Existing models of research-based best practices across every knowledge domain are a critical resource for finding and adopting effective strategies. Professional peer-reviewed journals, research reports, long-range plans, and special studies often discuss and recommend strategies.

Surveys, focus groups, public forums, working groups, and task forces can identify and propose strategies popular in a community experiencing a problem or evidencing an unmet need. Front-line service providers often have hands-on experience with strategies that have proven to be effective or ineffective in local settings.

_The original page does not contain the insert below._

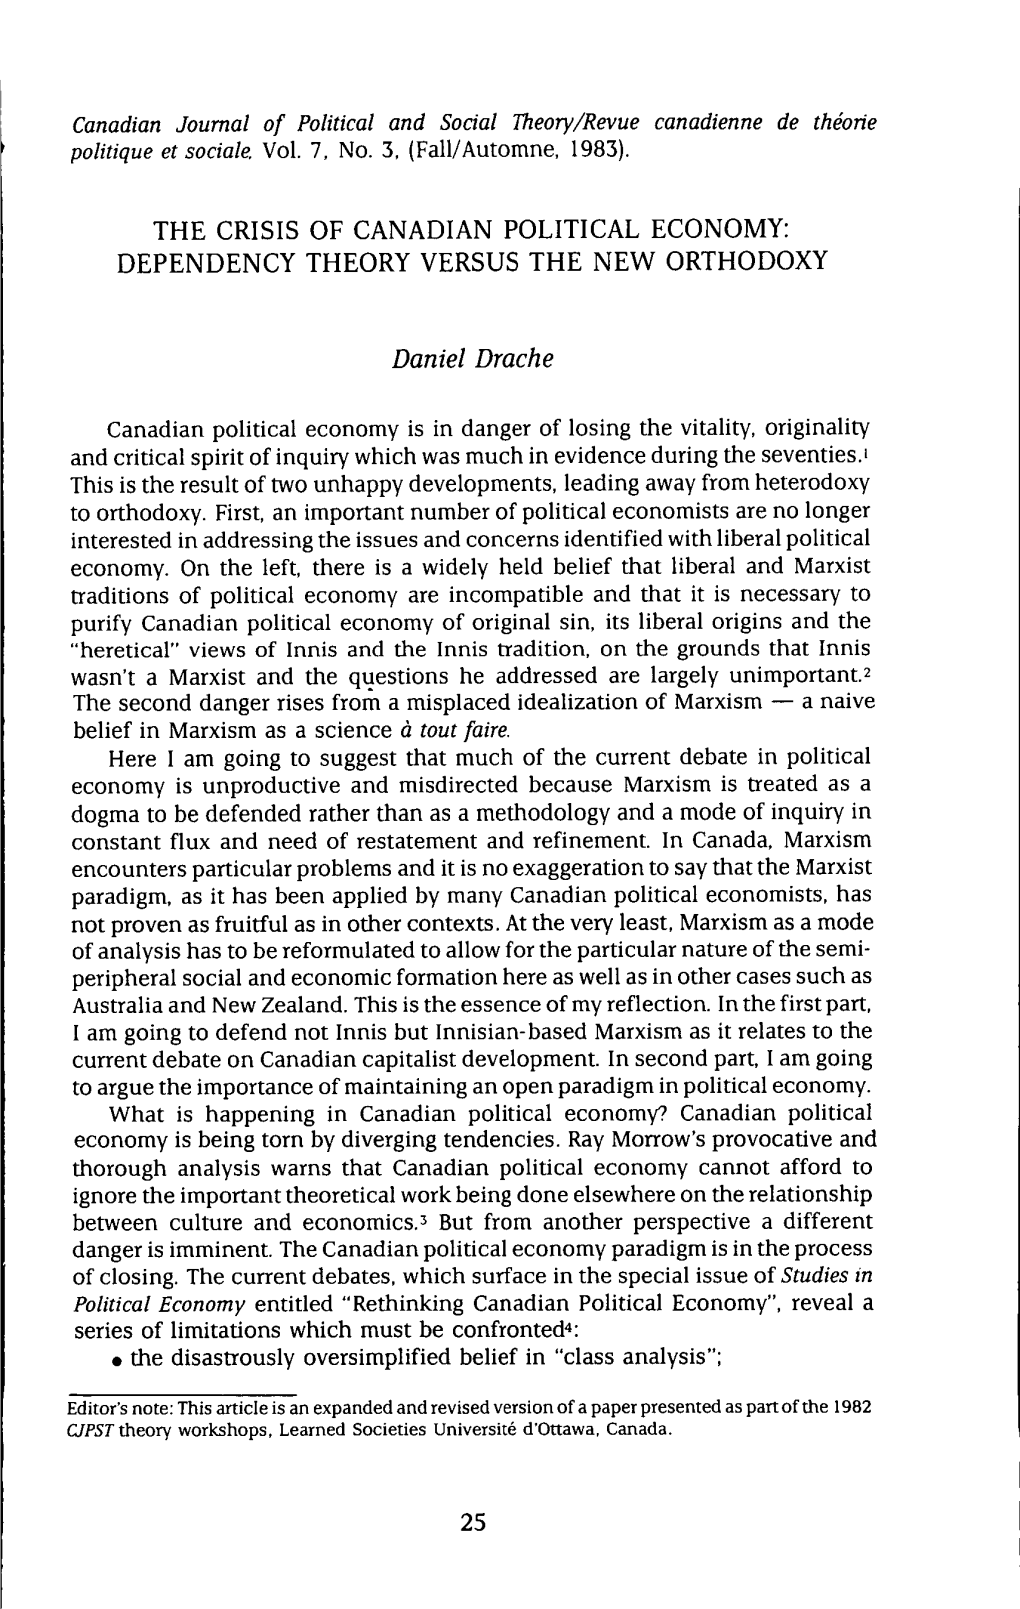 DEPENDENCY THEORY VERSUS the NEW ORTHODOXY Daniel Drache Canadian Political Economy Is

Available personnel, infrastructure, and financial resources will constrain choices among otherwise available strategies. Judiciously selected technology can support a project or initiative as a way to put proposed strategies into action.

 

Describing Strategies:

In planning to describe strategies in a proposal, several questions prove useful:

  1. What has worked in other places?
  2. What do experts say will work?
  3. What do direct service providers say will work?
  4. What does the affected community say will work?
  5. What do the intended beneficiaries say will work?
  6. How will you know the strategy worked?
  7. How will you adjust strategies if your original ones prove not to work?
  8. Who will implement the strategy?
  9. Who will support the strategy?
  10. What role can technology play in the strategy?
  11. How much will the strategy cost?

 

This post is one in a series about questions useful in planning competitive grant proposals.